Кронштадт — страница 104 из 109

— Юра, не сердись на него, — сказала Лиза просительно. — Он не хулиган какой-нибудь…

— Это я сразу увидел, — кивнул Иноземцев, — что он не хулиган.

— Не смейся, Юра. Раньше он, правда, сильно пил, я ж тебе говорила, потому и ушла, мои нервы не выдерживали. А он потом перестал пить. Взял себя в руки.

— Молодчина.

— Да, молодчина. — У Лизы послышалась в голосе обиженная нотка. — Напрасно ты так…

— А что — так? Достойно похвалы, когда бросают пить. Я и хвалю.

— На словах хвалишь, но я же слышу — внутри смеешься.

— Внутри смеюсь, — повторил он. — Нет, Лизонька… плачу я внутри.

Лиза посмотрела на него долгим взглядом.

Улица Аммермана была пустынна, только вдали медленно, комендантским шагом шел патруль. Ничего нет на свете грустнее кронштадтских улиц осенним вечером.

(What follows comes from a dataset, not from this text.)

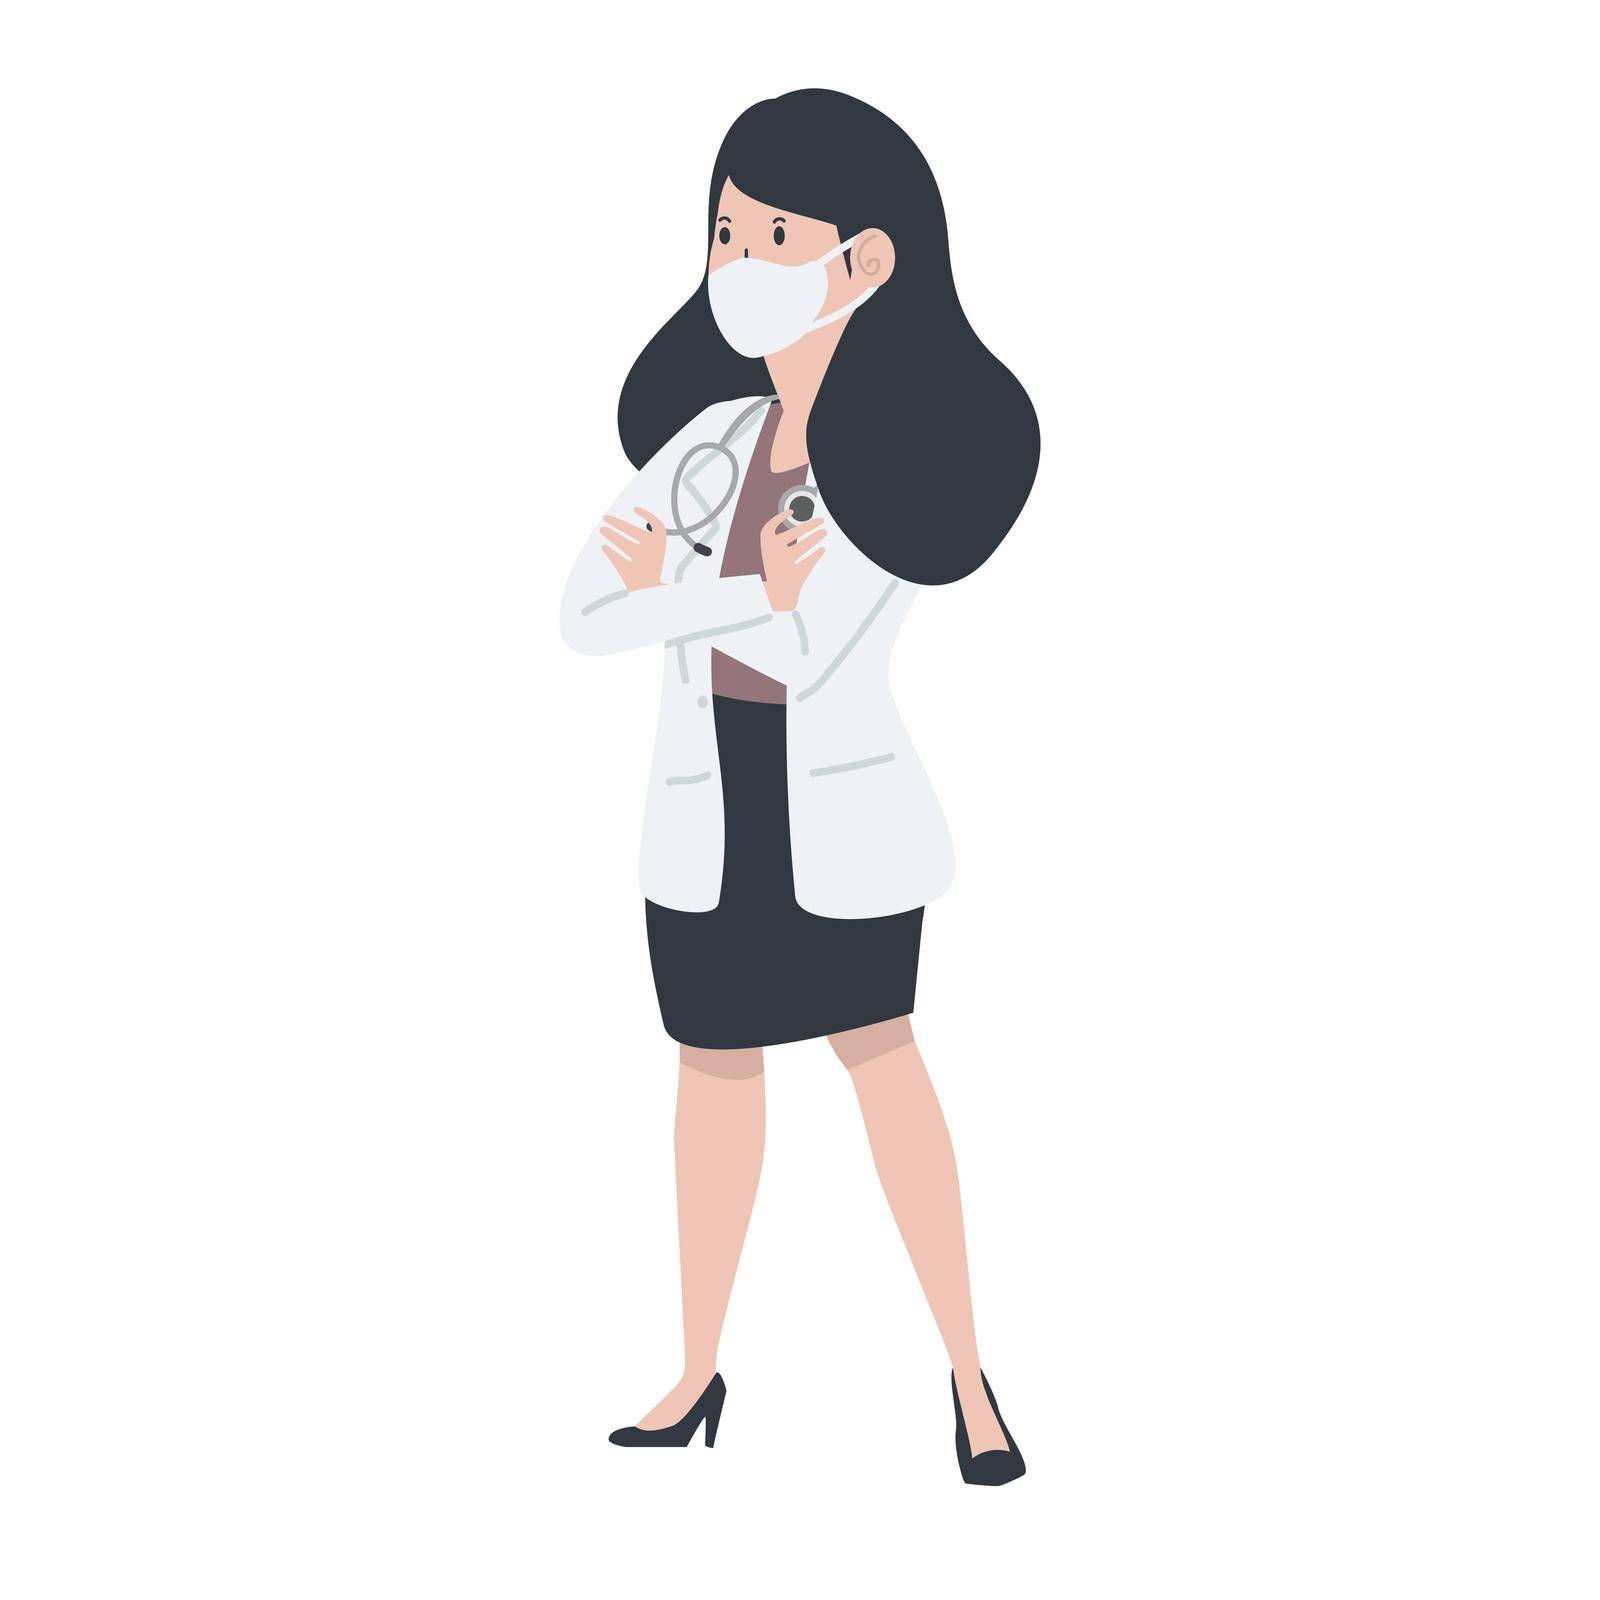 Female doctor  poses cartoon character vector

Когда Лиза отперла дверь и они вошли в коридор, тускло освещенный голой лампочкой, из своей комнаты выглянула Надя. За лето ей отремонтировали комнату, заложили пролом в стене кирпичом, заштукатурили как надо, — это, конечно, Марья Никифоровна Рожнова помогла, нажала в райисполкоме, — и в середине августа Козыревы переехали из балыкинской квартиры к себе.

— Добрый вечер, Надя, — сказал Иноземцев, вешая шинель. — Андрей Константиныч не сможет сегодня прийти. Велел передать привет.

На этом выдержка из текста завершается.